India is moving to tighten regulatory control over powerful AI cybersecurity tools following reports that Anthropic’s Claude Mythos model can identify and exploit software vulnerabilities. Authorities are demanding that such systems be hosted within Indian territory to mitigate security and jurisdictional risks.
- India demands local hosting for AI cybersecurity systems targeting critical sectors.
- Anthropic’s Claude Mythos model is under government scrutiny over vulnerability risks.
- Regulators launch task forces to strengthen AI-driven cyber threat defenses.
What happened
Indian government officials from the Finance Ministry, Ministry of Electronics and Information Technology (MeitY), and CERT-In recently held discussions with Anthropic’s India team to examine the cybersecurity implications of its AI model, Claude Mythos. This model reportedly has the capability to detect and exploit software vulnerabilities in sensitive sectors such as banking, telecommunications, and power infrastructure, raising alarm within regulatory circles.
A major focal point of these talks was the physical location where the AI systems are hosted. Officials stressed that deploying advanced AI models on servers outside India poses regulatory, security, and jurisdictional challenges. The government is pushing for 'sovereign AI access,' where both the AI models and their processing infrastructure operate strictly within Indian jurisdiction or on government-approved sovereign cloud platforms.
Why it matters
The scrutiny of Anthropic’s Claude Mythos model comes amid growing concerns about private companies developing potent cybersecurity tools that could potentially be weaponized without sufficient oversight. Indian regulators including SEBI and CERT-In have ramped up advisories and directives to financial and regulated entities to fortify their cyber defenses specifically citing the threats posed by Mythos.
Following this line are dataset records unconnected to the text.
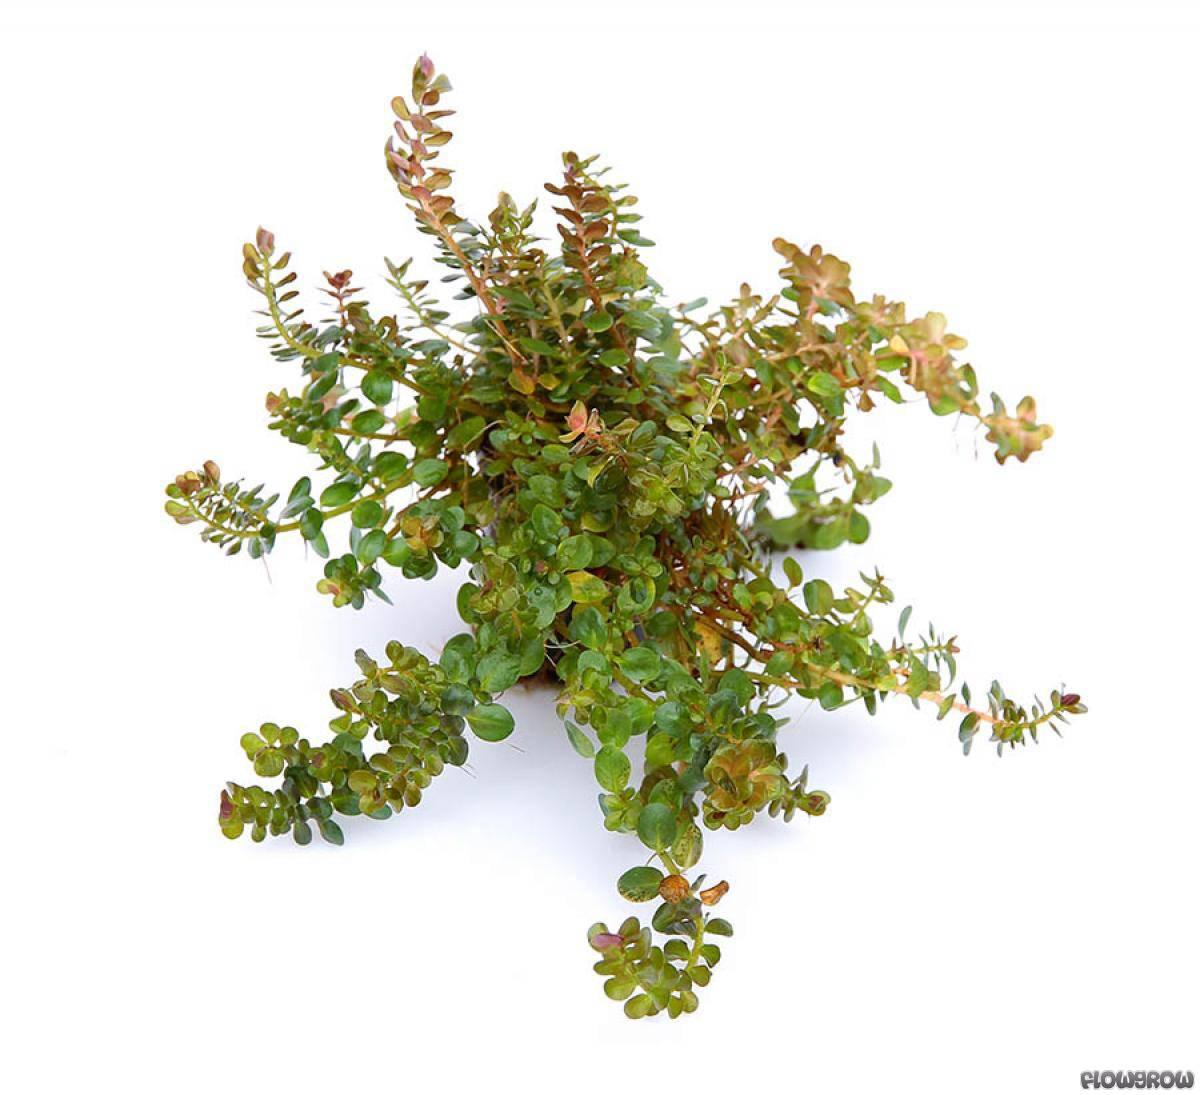 Rotala rotundifolia - Dwarf Rotala - Flowgrow Aquatic ...
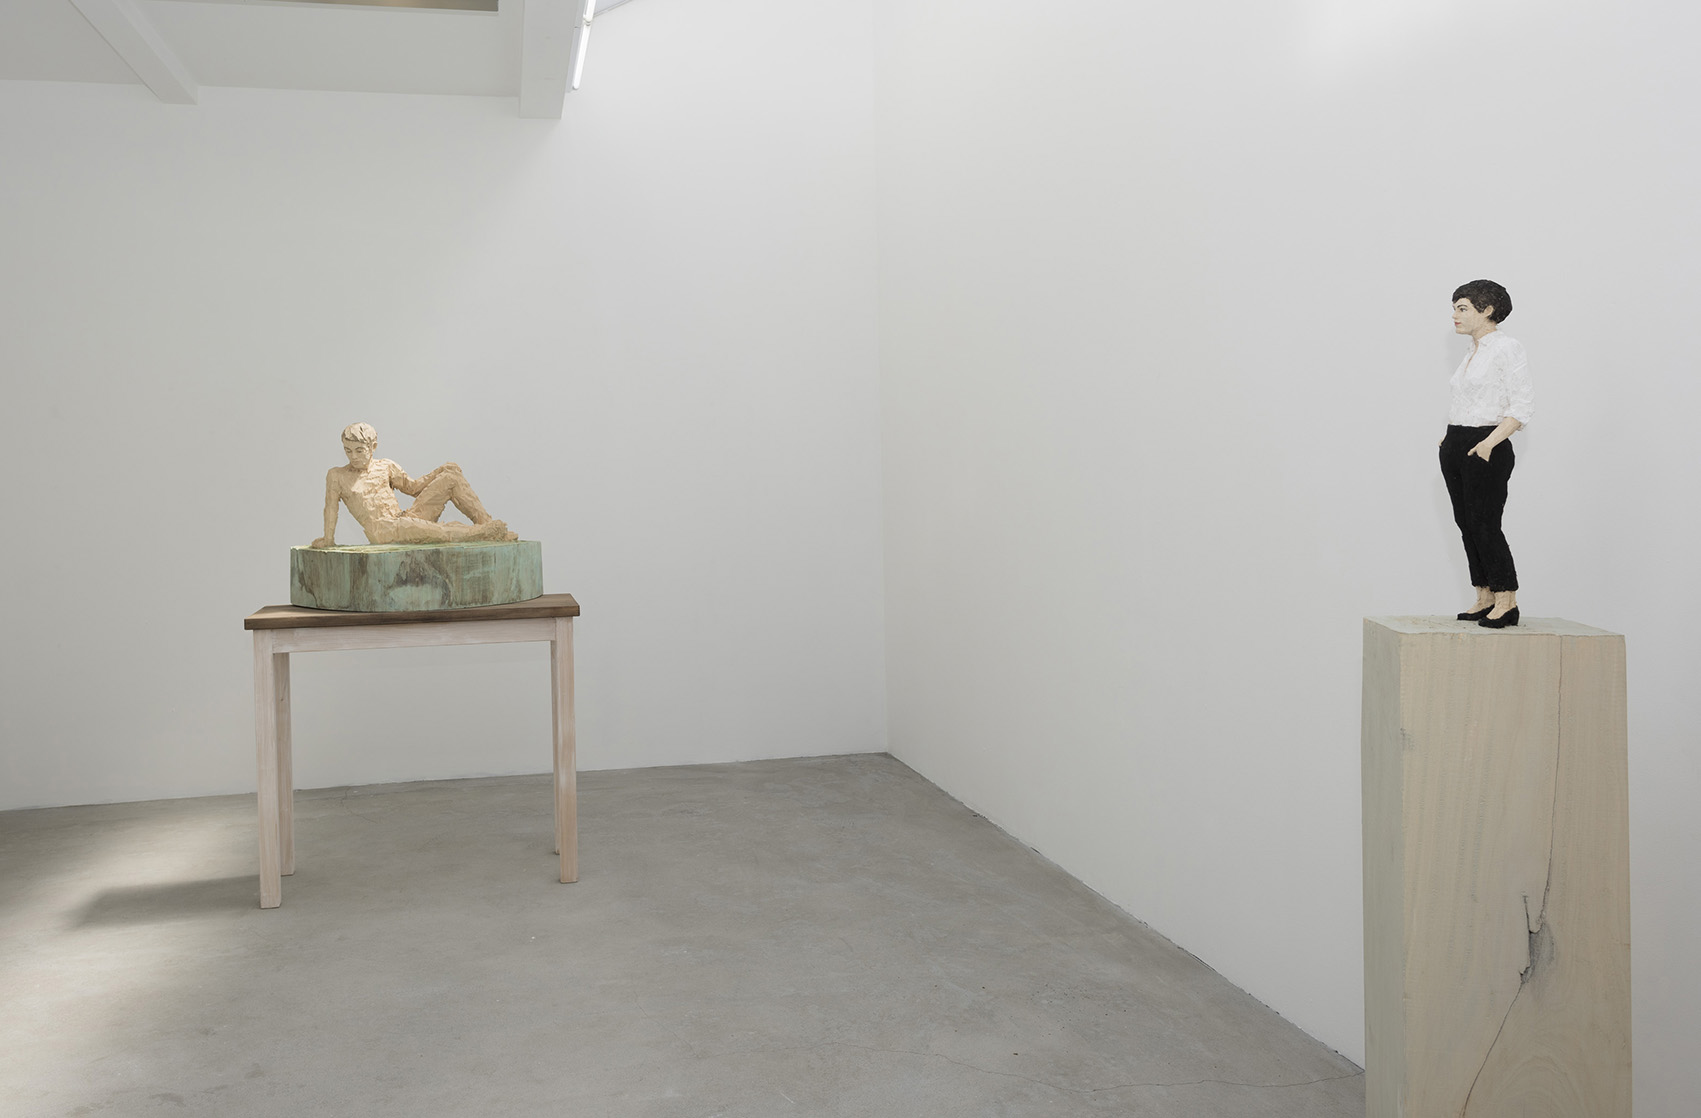 Stephan Balkenhol, installation view AKINCI, 2015
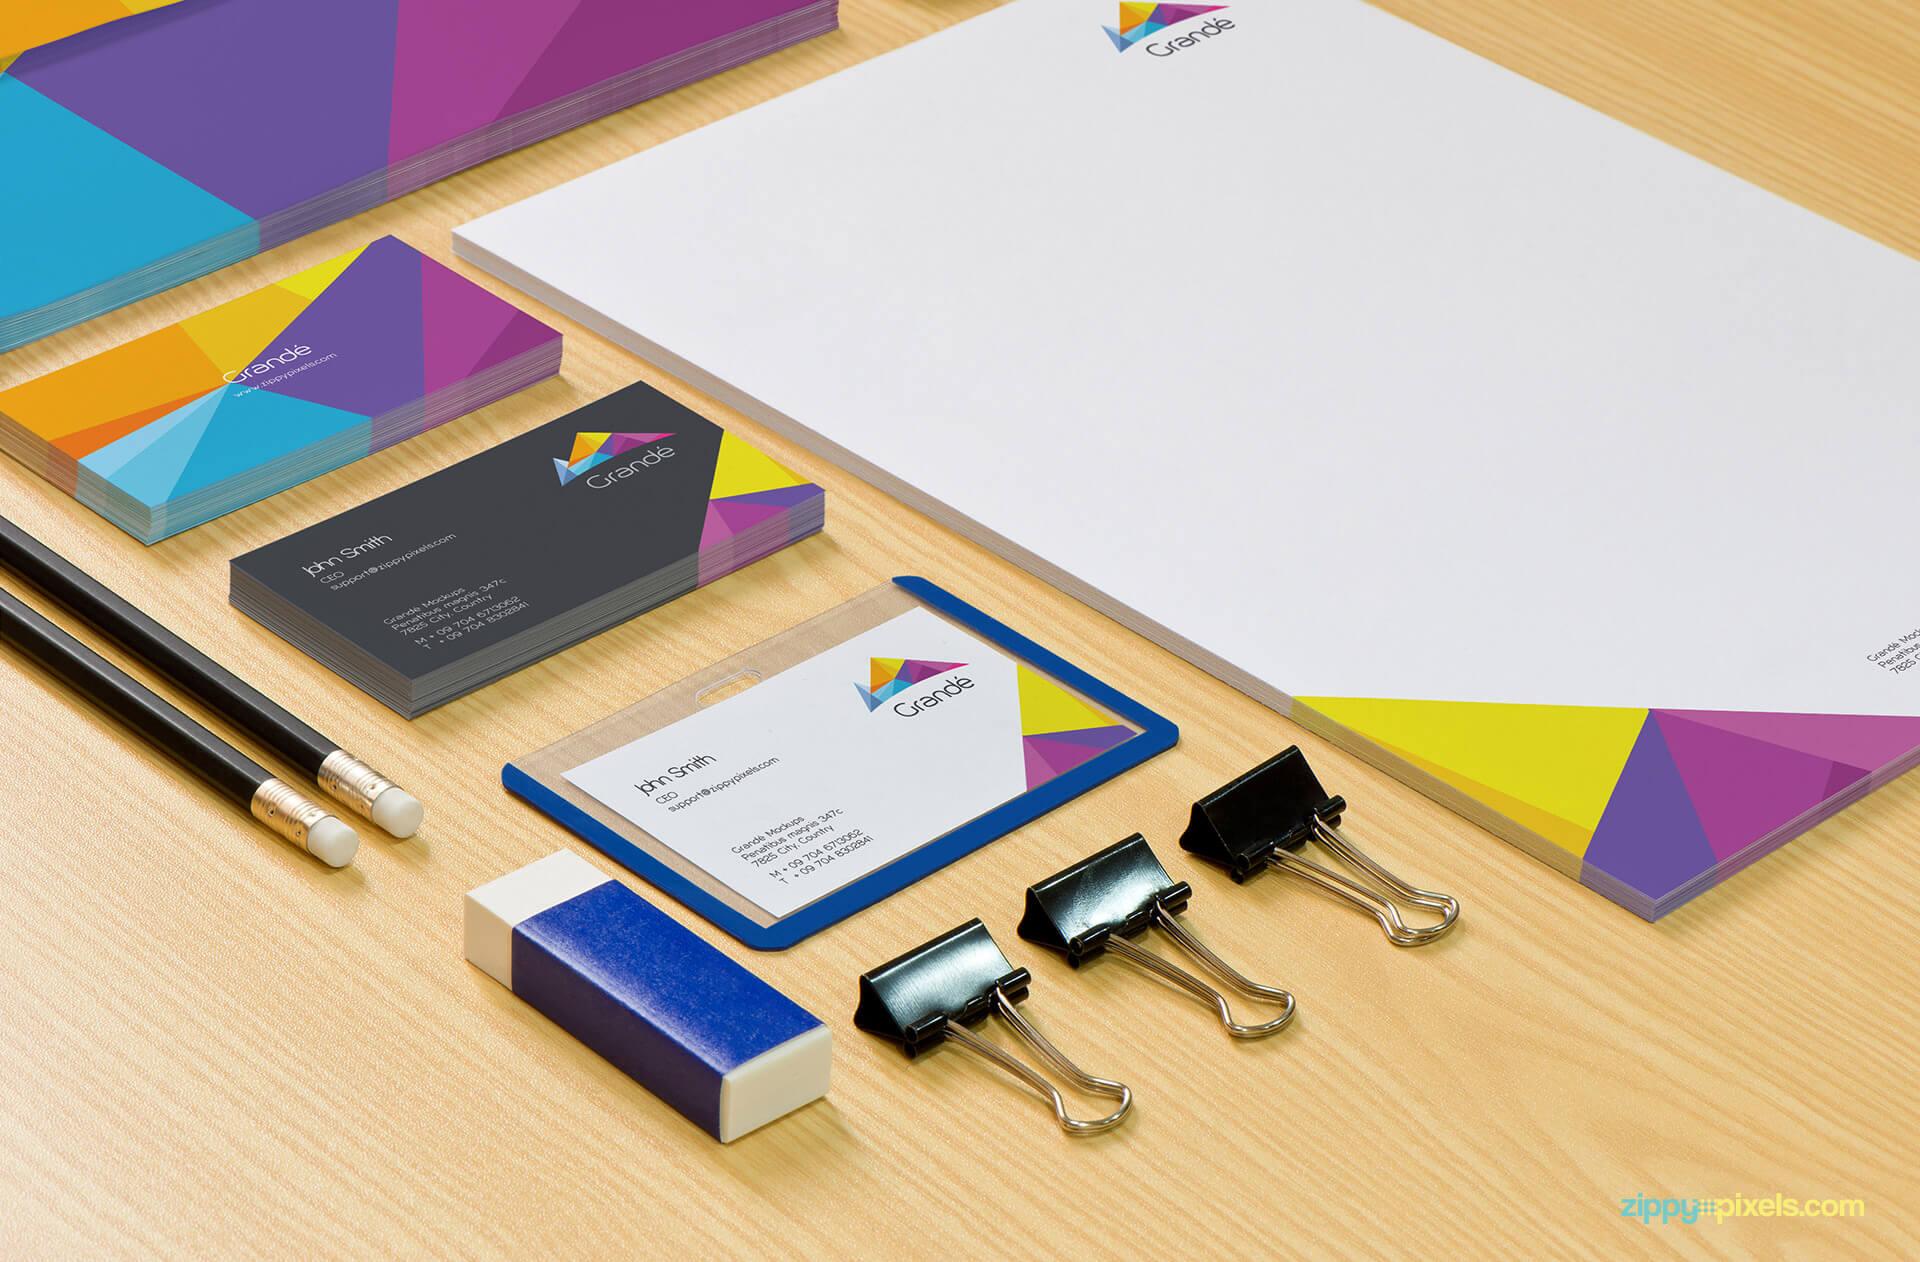 Branding Mockup of Stationery Items like Badge holder, Letterhead, Business Cards

Additionally, the government's demand for sovereign hosting reflects broader national security priorities. Ensuring that AI cyber tools operate within Indian borders helps mitigate risks related to foreign jurisdiction, unauthorized access, and data privacy. This approach is essential to protecting critical sectors that form the backbone of India’s digital economy and infrastructure.
What to watch next
India’s officials are continuing to assess whether Claude Mythos represents a fundamental technological advancement or if its capabilities are overstated. Anthropic has yet to commit to hosting AI models within India, which will be a key issue in future negotiations. The government's stance could set important precedents for AI governance and sovereignty in the cybersecurity domain.
Moreover, the emergence of dedicated task forces such as cyber-suraksha.ai to evaluate AI-driven cyber threats suggests India is preparing for a longer-term regulatory framework addressing advanced AI systems. Observers should watch for new policy measures, potential mandates for AI infrastructure localization, and how Indian companies adapt to defend against AI-powered vulnerabilities they cannot fully access or control.